The absorption titration experiments were also carried out in KCl at pH 5 to investigate the relations between hemin and two types of terminal G-tetrads/dA caps. As shown in Fig. 4A–C, the G4s, including [AGS55]4, [AG55]4 and [A33G55]4, induced a red shift of the Soret band from 398 nm to 404 nm and the isosbestic points, suggesting that there are strong interactions between the G4s of these samples with hemin. The insets of Fig. 4A–C also reveal Kd values of around 2 μM, and the enhancement of α values was different from that of [AG4A]4. The α value of [A33G55]4 increased to about 2 but remained smaller than that of [AGS55]4 and [AG55]4 (about 3). This indicates that increasing the number of 3′-terminal G-tetrads can facilitate the complexation between G4s and hemin, and 3′ dA caps can help promote the interactions between them. According to Fig. 4E, the [AG33]4 did not induce the enhancement of absorbance at 404 nm but rather reduced it, and its Kd value was not measurable, which confirms that the binding affinity between hemin and 5′-terminal G-tetrads is weak. The α value of [A55G33]4 increased to 0.5, and its Kd value was 0.7 μM, which is the smallest among those of all G4s (Fig. 4D). The results clearly show that 3′ dA caps can promote the binding of 5′-terminal G-tetrads and hemin. The decay kinetic experiments showed that during the exposure to 3.5 mM H2O2 for one min, the percent degradation of hemin was ∼70% when in complexes with [AGS55]4 and [AG55]4, was ∼60% when in complexes with [A33G55]4 and [A55G33]4, and was 20% when in a complex with [AG33]4 (data can be found in Fig. S6A–E, ESI). The decay kinetic experiments were further performed by which the reduction of absorbance at 404 nm was measured as a function of time when the samples were exposed to 0.5 mM H2O2 (Fig. S6F, ESI). The data depicted in Fig. 4F show that the order of the initial degradation rate is in accordance with the order of catalytic performances. These results show that increasing the number of 3′-terminal G-tetrads or 3′ dA caps in G4s could significantly improve their catalytic activities, by not only enhancing hemin-binding efficiencies, but also accelerating the formation of the compound 1-like intermediate.

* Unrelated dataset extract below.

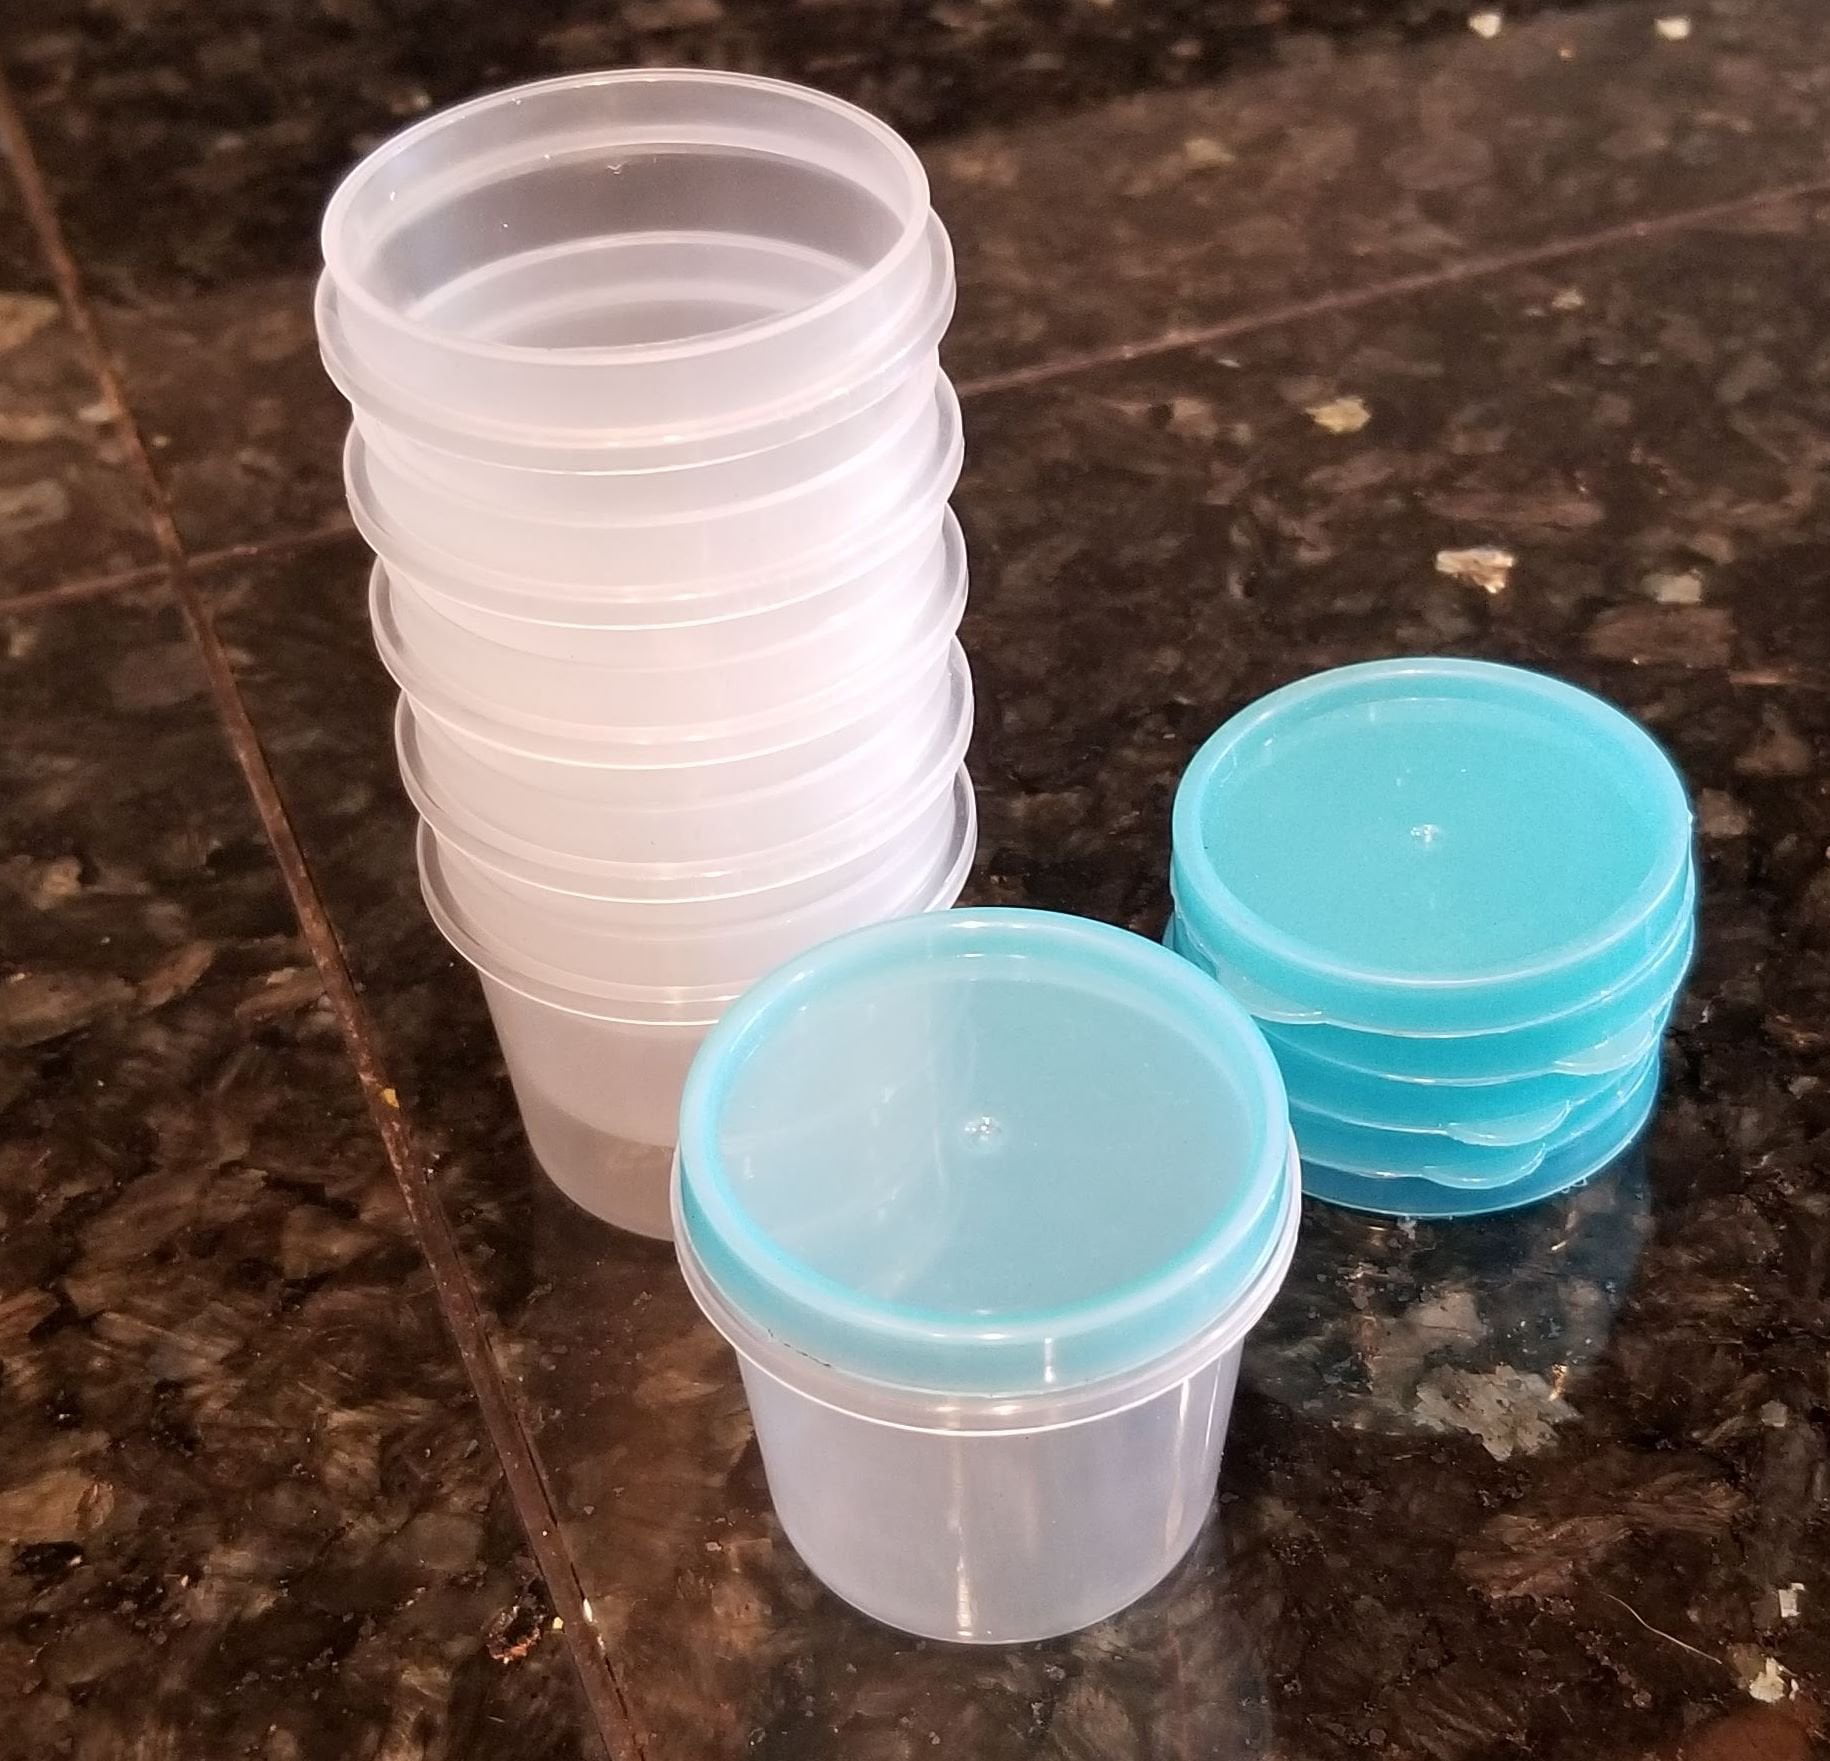 72 Pieces of 1 Oz. Salad Dressing Containers Set

image file: d0sc01905d-f4.tif
Fig. 4 Absorption titration of 2.5 μM hemin with G4s formed by (A) AGS55, (B) AG55, (C) A33G55, (D) A55G33, and (E) AG33 in KCl, pH 5. Inset: Change of α as a function of G4 concentration. (F) Initial degradation rate of five DNAzymes exposed to 0.5 mM H2O2.

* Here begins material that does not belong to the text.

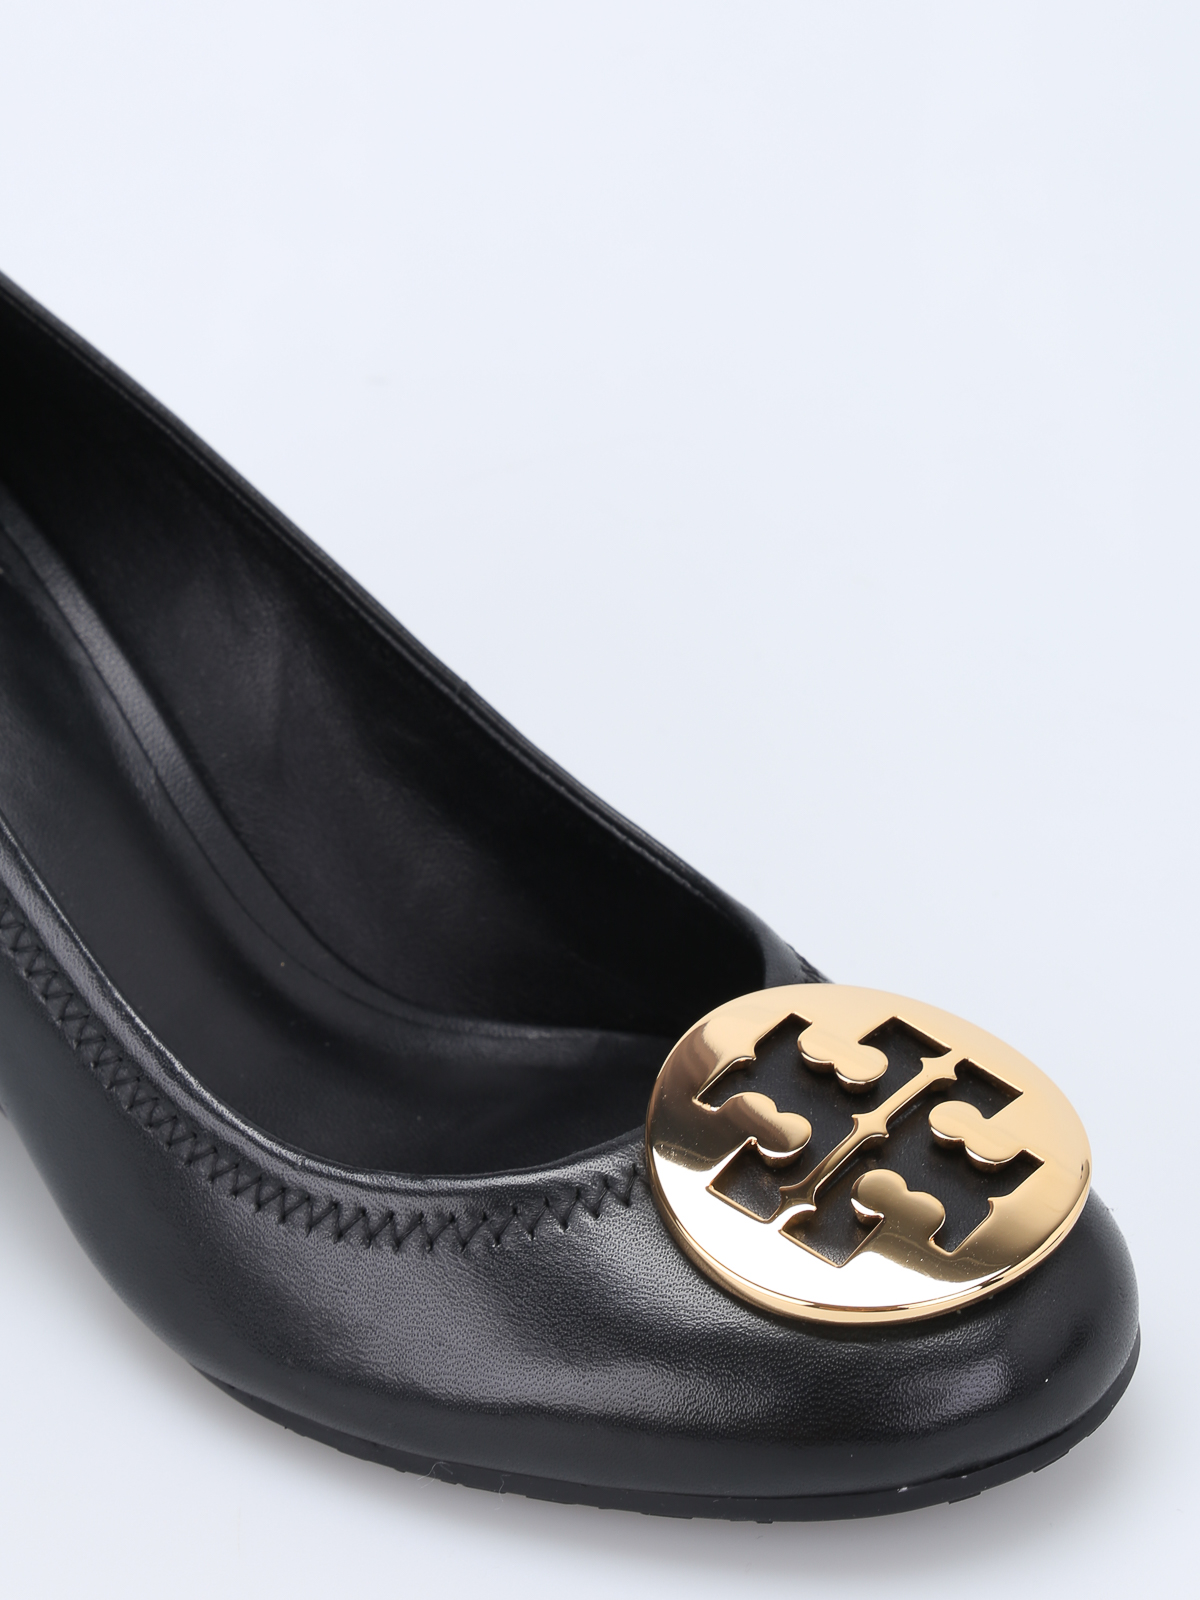 Court shoes Tory Burch - Sally wedge pumps - 50008644051

Catalytic activity of DNAzymes in different buffer solutions or in the presence of different substrates

The adenine-containing DNAzymes exhibited the best catalytic ability in MES buffer at slightly acidic pH values, which was different from a previous report in which G4-based DNAzymes were observed to have higher enzymatic performance at slightly alkaline pH values.20 We assumed that the difference is mainly caused by the presence of an acid–base adenine catalyst. To verify this assumption, we further measured the catalytic oxidation in HEPES buffer at various pH values. The results showed that the V0 values of AG4A, F12, F14, F13, AGS55 and AG55 obviously decreased in HEPES buffer at pH values larger than 6 and that of AG33 remained low at all pH values (data can be found in Fig. S7, ESI). In contrast, the TTT-based DNAzyme (d(G3TG3TG3TG3)) exhibited high catalytic activities in both MES and HEPES buffers at slightly alkaline pH values due to the absence of adenine in the ABTS–H2O2 catalytic system; thus, this confirms our hypothesis (Fig. S8, ESI).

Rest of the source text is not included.